Who I am grateful for finding this gem that resonates deeply for my own experience and names so much.
“I haven’t the slightest idea what my future books will be like, even the one immediately to follow. My charts and plans are the slenderest sorts of guides: I scrap them at will.
I obey only my instincts and intuitions, I know nothing in advance. I put down things which I do not understand myself, secure in the knowledge that later they will become clear and meaningful to me…
A man is revealed in his style, the language which he has created for himself. To the man who is pure at heart, I believe that everything is clear as a bell, even the most esoteric scripts. For such a man there is always a mystery, but the mystery is not mysterious, it is logical, natural, ordained and implicitly accepted. Understanding is not a piercing of the mystery, but an acceptance of it, a living blissfully with it, in it, through and by it. I would like my words to flow along in the same way that the world flows along, a serpentine movement, through incalculable dimensions, axes, latitudes, climates, conditions…
One gets nearer to the heart of truth, which I suppose is the ultimate aim of the writer, in the measure that he ceases to struggle, in the measure that he abandons his will.
He moves effortlessly, giving the illusion of perfection, from some unknown center which is certainly not the brain center but which is definitely a center, a center connected with the rhythm of the whole universe…

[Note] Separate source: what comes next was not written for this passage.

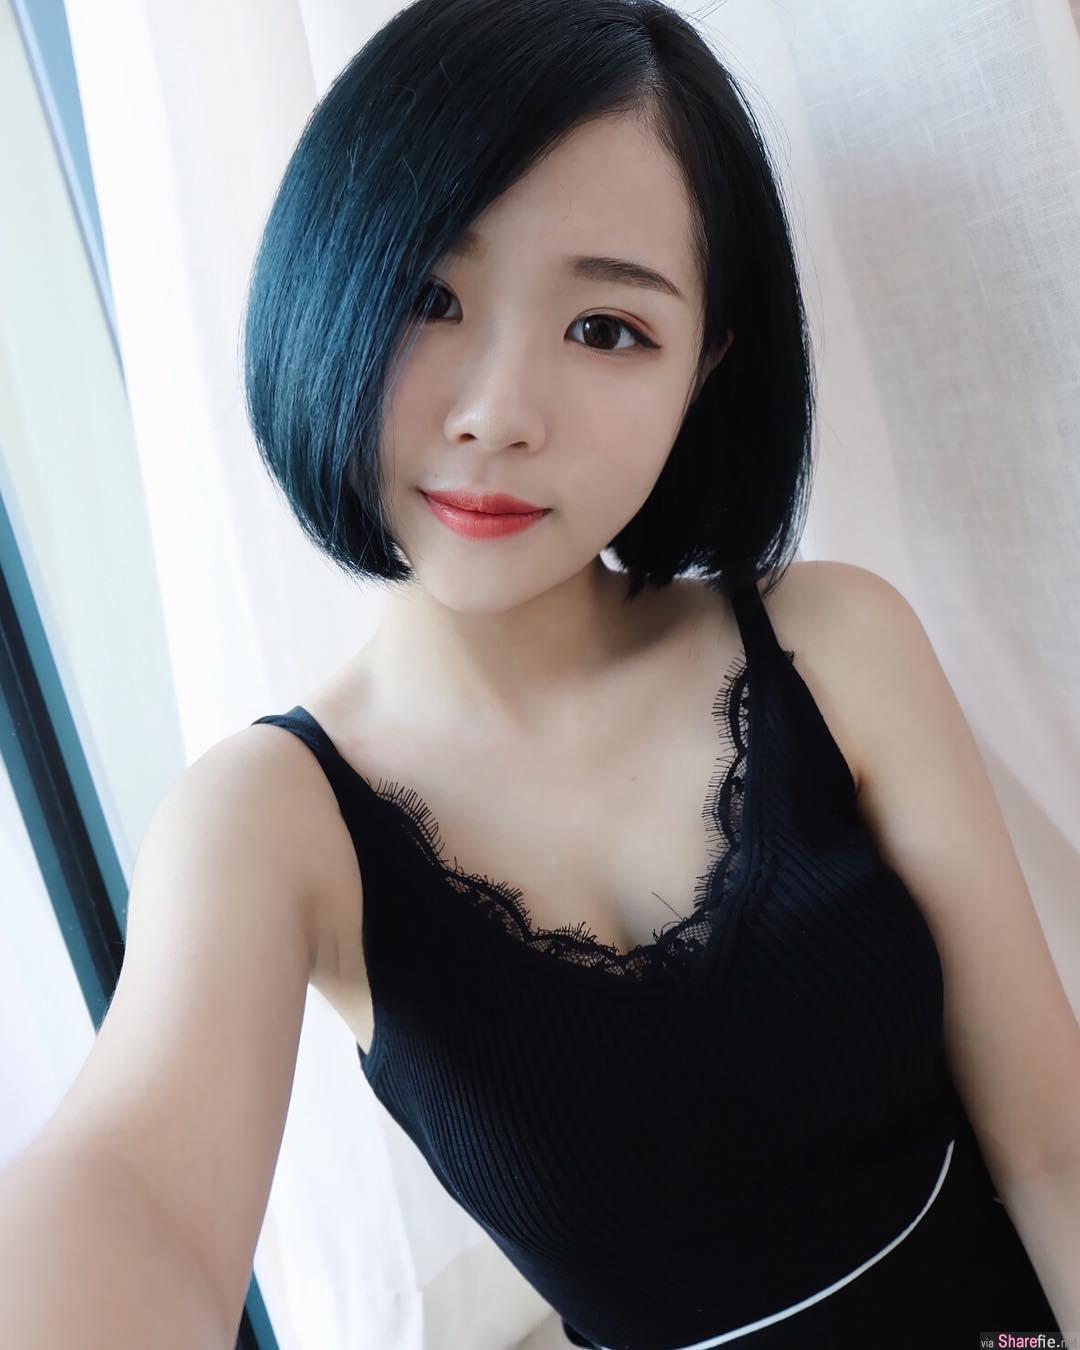 大马正妹Janice Koh,甜美笑容迷倒15万粉丝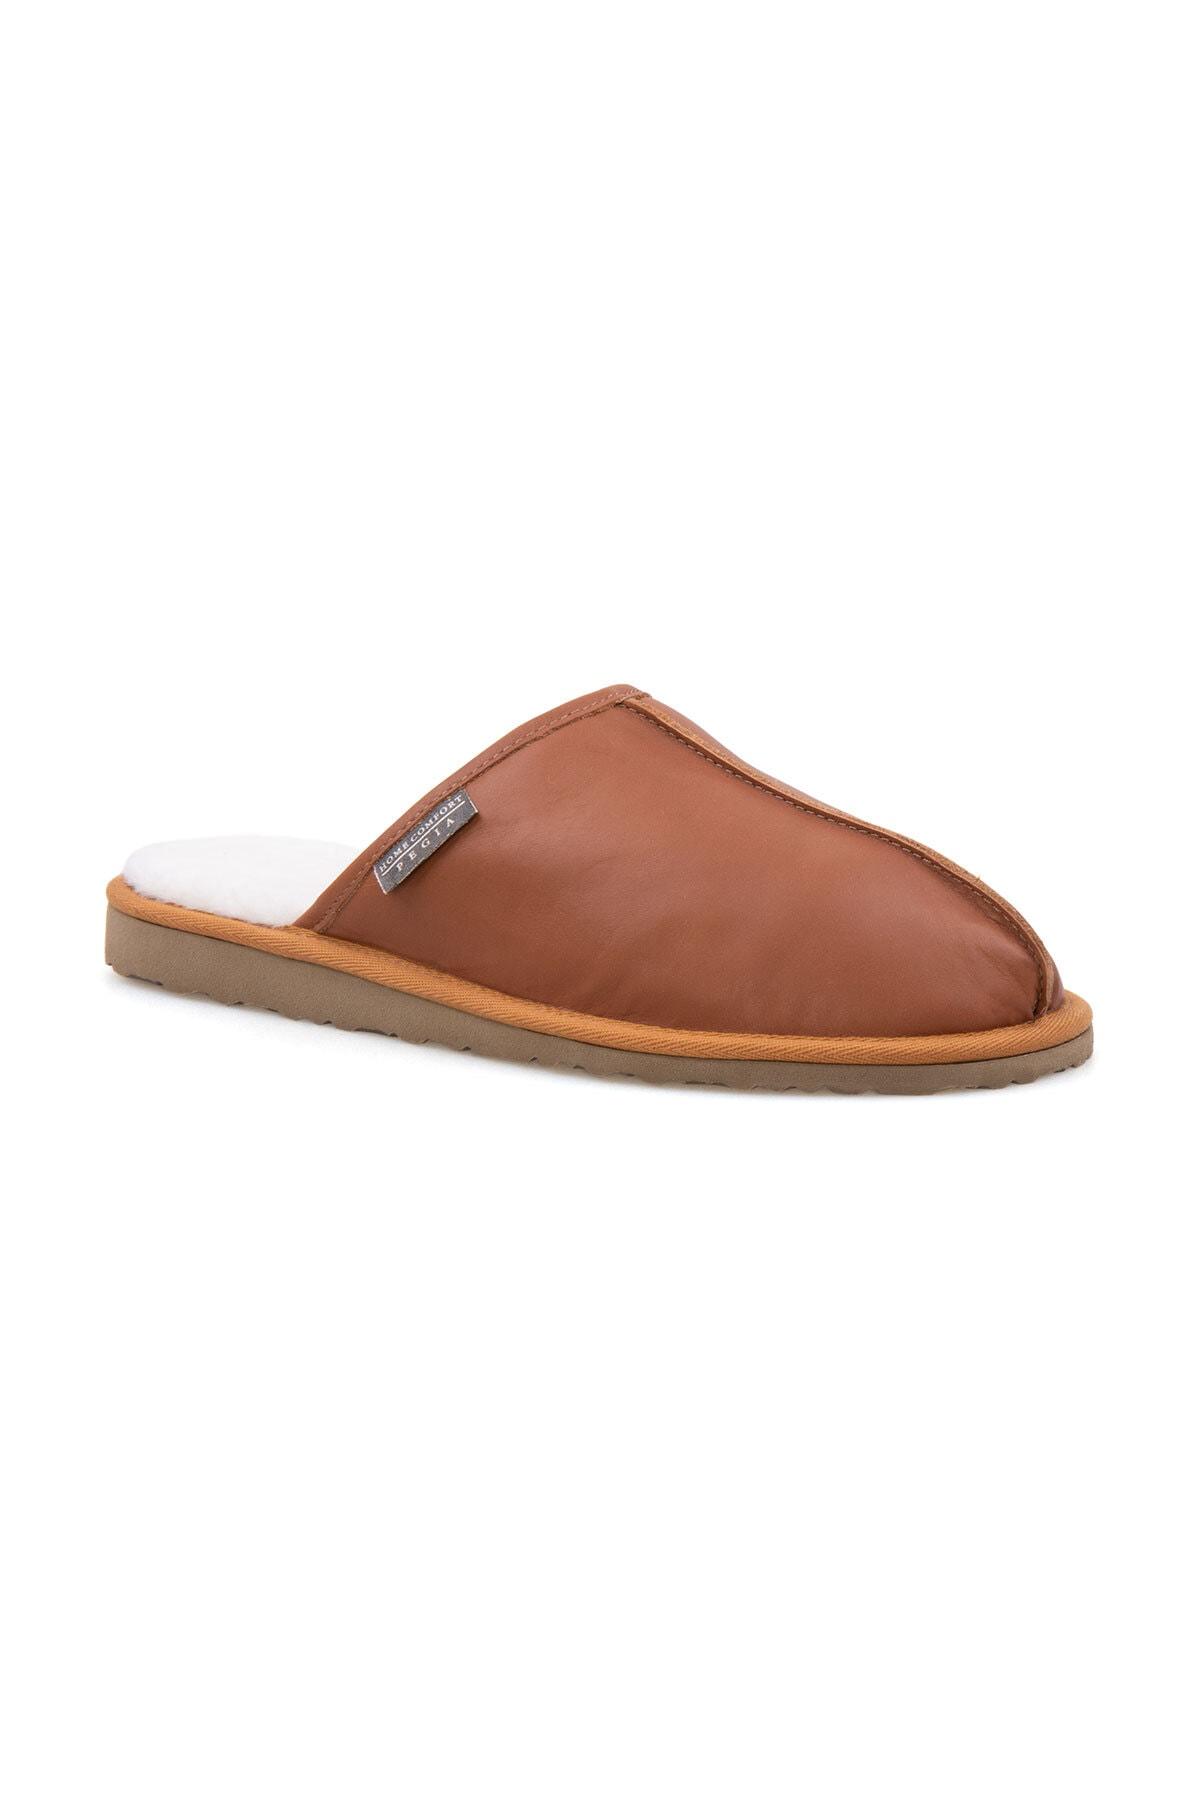 Pegia Erkek Taba Deri Kürklü Ev Ayakkabısı 111012 1

I believe that one has to pass beyond the sphere and influence of art. Art is only a means to life, to the life more abundant. All art, I firmly believe, will one day disappear. But the artist will remain and life itself will become not “an art,” but art.…It [art] is only a substitute, a symbol-language for something which can be seized directly. But for that to become possible man must become thoroughly religious, not a believer but a prime mover, a god in fact and deed. He will become that inevitably. And of all the detours along this path, art is the most glorious, the most fecund, the most instructive.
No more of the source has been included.